Great long distance bike. It was sold in the mid-90's. The lowest end LOOK at the time was the 221. The 221 has aluminum stays and fork. The 231 had carbon stays. The weight was just under 4lbs for frame and fork so it really isn't that much heavier than other LOOK of that period. Does yours have a carbon or aluminum fork?

At the time LOOK sold the 221,231,251,and 271 lugged frames

I liked 231 and 251 because they have smooth lug/tube interface instead of the standard stepped lugs on the 221 and 271.
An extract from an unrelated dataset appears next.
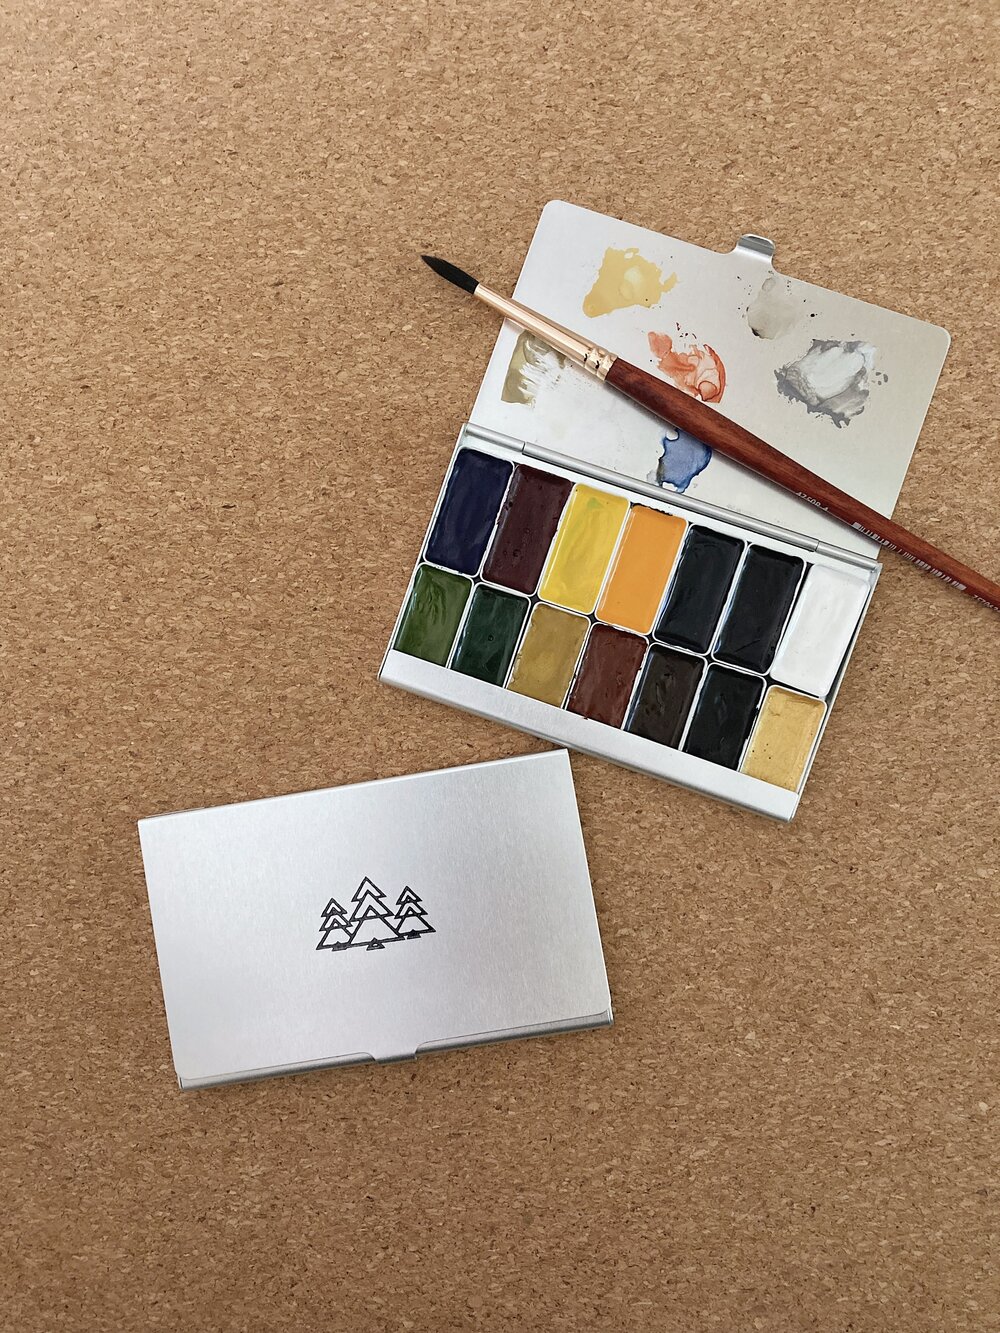 Watercolor Paint Kit - Shop Online

Tell me what size you have and I'll send the geometry if you're interested..


----------



## AlexCad5 (Jan 2, 2005)

Dave Hickey said:


> Great long distance bike. It was sold in the mid-90's. The lowest end LOOK at the time was the 221. The 221 has aluminum stays and fork. The 231 had carbon stays. The weight was just under 4lbs for frame and fork so it really isn't that much heavier than other LOOK of that period. Does yours have a carbon or aluminum fork?
> 
> At the time LOOK sold the 221,231,251,and 271 lugged frames
> 
> ...


 It was sold with a very heavy @600gm, Pizzaz carbon fork. I have not (yet) replaced since what is available in a 1" fork is more than I paid for the frame. I had been wondering about the smooth lugs/tube transition, which isn't what Look is known for.
At times I wondered if it might be a counterfit, but then if you were going to make a counterfit you would copy the high end frame, wouldn't you.
The paint has cracked along the top tube / lug connection, although I don't have any reason to think that it indicates it is becoming unbonded. I've got just under 2000miles on this frame, riding it from August to December of last year when I tore it down to for parts to build up two other frames. Just getting it built up again, and hope to take it out tomorrow.
It's 57cm, and although is a little to big for me in the seat tube (in terms of modern ideas about sizing) the ride is stable and steering is neutral, and the lenght of the tubes ultimately make it even more comfortable. I especially noticed on the trainer it was flexy at the bb, although my high cadence /moderate power style means it probably doesn't matter that much. 
Thanks for all of your info.


----------